For the SLASSO procedure, there were ten significant (π l  ≥ πthr1, FDR < 0.1) two-way SNP-SNP interactions in the Nanjing discovery study (Table 6). Among these ten SNP pairs, two were selected (π l  ≥ πthr2, FDR < 0.1) in the replication phase (Table 7). Both SNP-SNP interactions (rs7839119-rs12544802 and rs3781626-rs6018348) were verified in the replication phase. In an overall analysis that included discovery and replication datasets (5,408 subjects; 2,331 cases and 3,077 controls), the empirical selection probabilities of rs7839119-rs12544802 and rs3781626-rs6018348 interactions were 0.668 and 0.617, respectively; thus, indicating little statistical significance (π l  ≥ π thr , FDR < 0.1).
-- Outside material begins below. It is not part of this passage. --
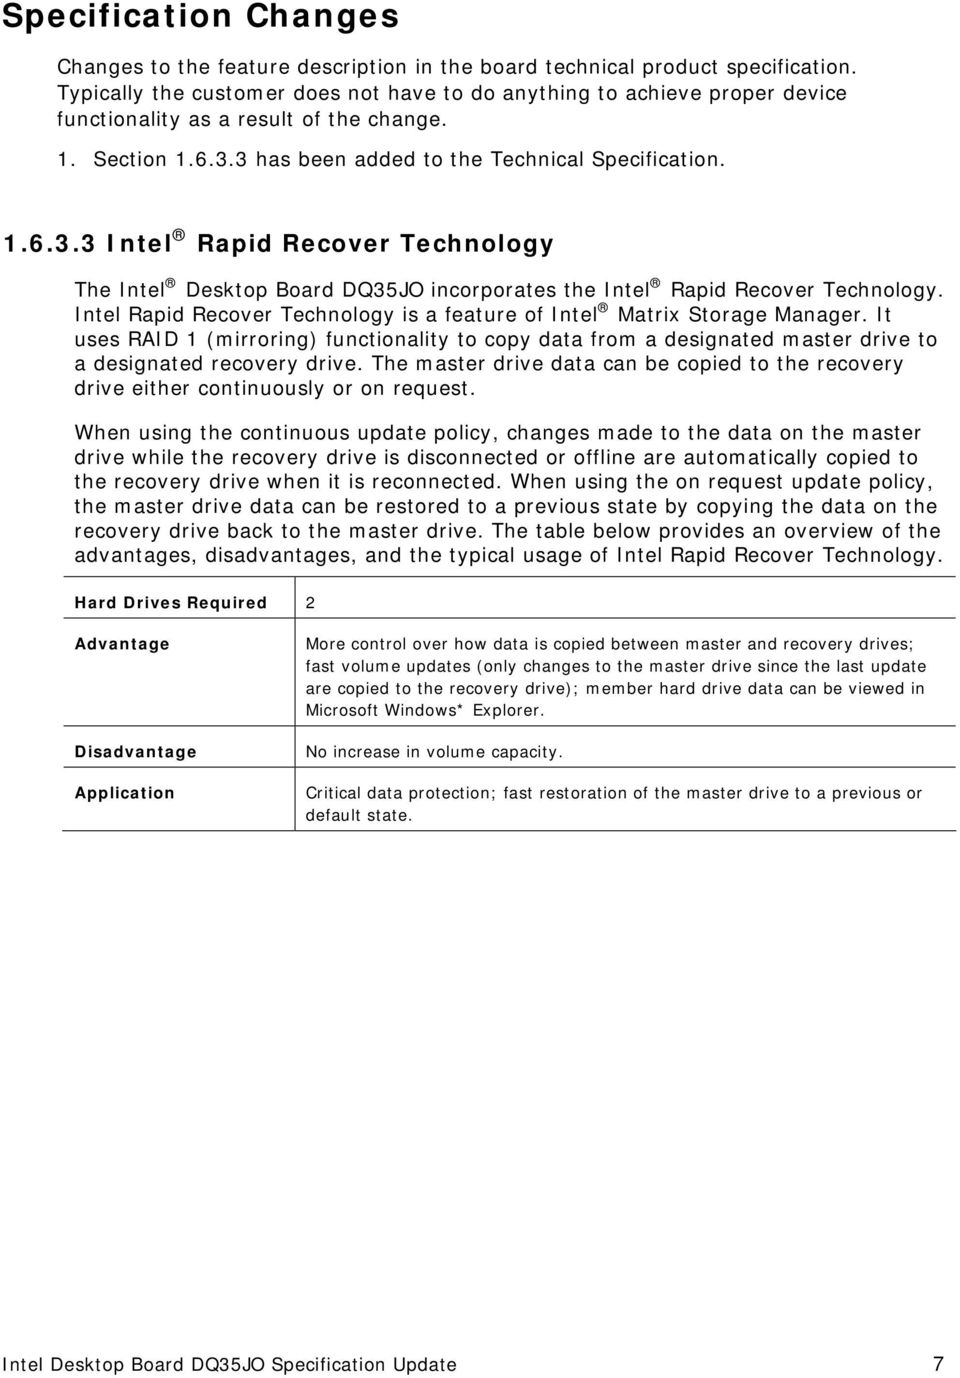 3 has been added to the Technical Specification. 1.6.3.3 Intel Rapid Recover Technology The Intel Desktop Board DQ35JO incorporates the Intel Rapid Recover Technology.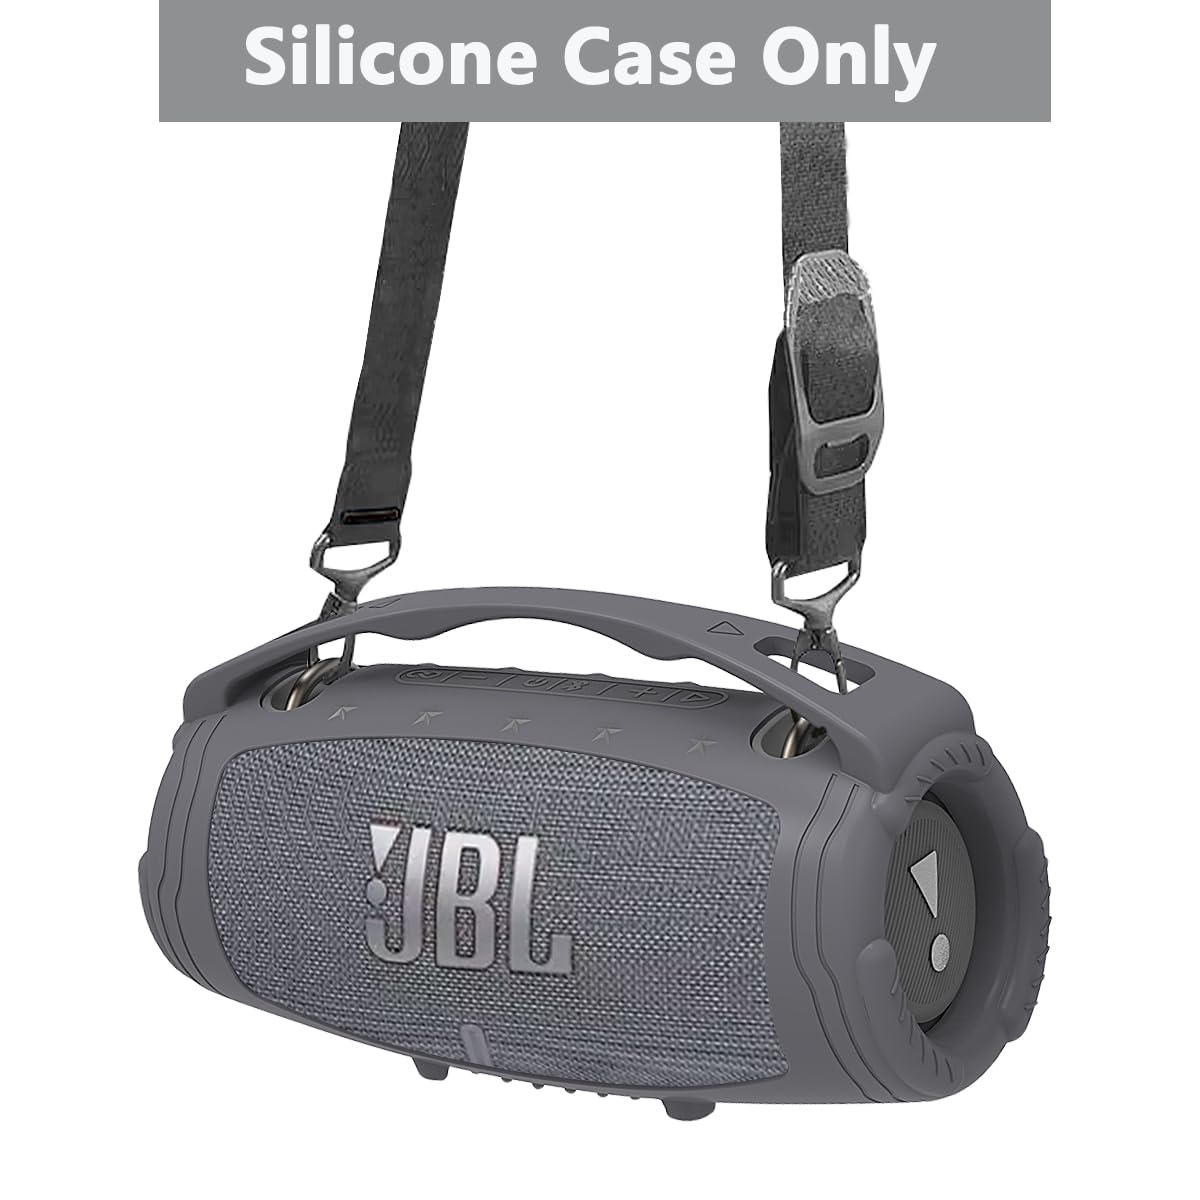 Silicone Cover Case for JBL Xtreme 3 Portable Bluetooth Speaker, Protective Skin Case for JBL Xtreme 3 Portable Bluetooth Speaker Accessories(Only Case)(Grey)

Table 6 Empirical selection probability of significant SNP pairs in Nanjing study by the S LASSO
Table 7 Empirical selection probability of significant SNP pairs in Beijing study by the S LASSO

Under the SSCAD procedure, all four significant SNP-SNP interactions (rs7839119-rs12544802, rs3781626-rs6018348, rs7839119-rs4524871 and rs2736100-rs40318) were successfully replicated (Tables 5, 8, and 9). The empirical selection probabilities of rs7839119-rs12544802, rs3781626-rs6018348, rs7839119-rs4524871 and rs2736100-rs40318 interactions in the overall analysis, which included all 5,408 subjects, were 0.801, 0.824, 0.980 and 0.977, respectively. In turn, these results indicate statistical significance (π l  ≥ π thr , FDR < 0.1).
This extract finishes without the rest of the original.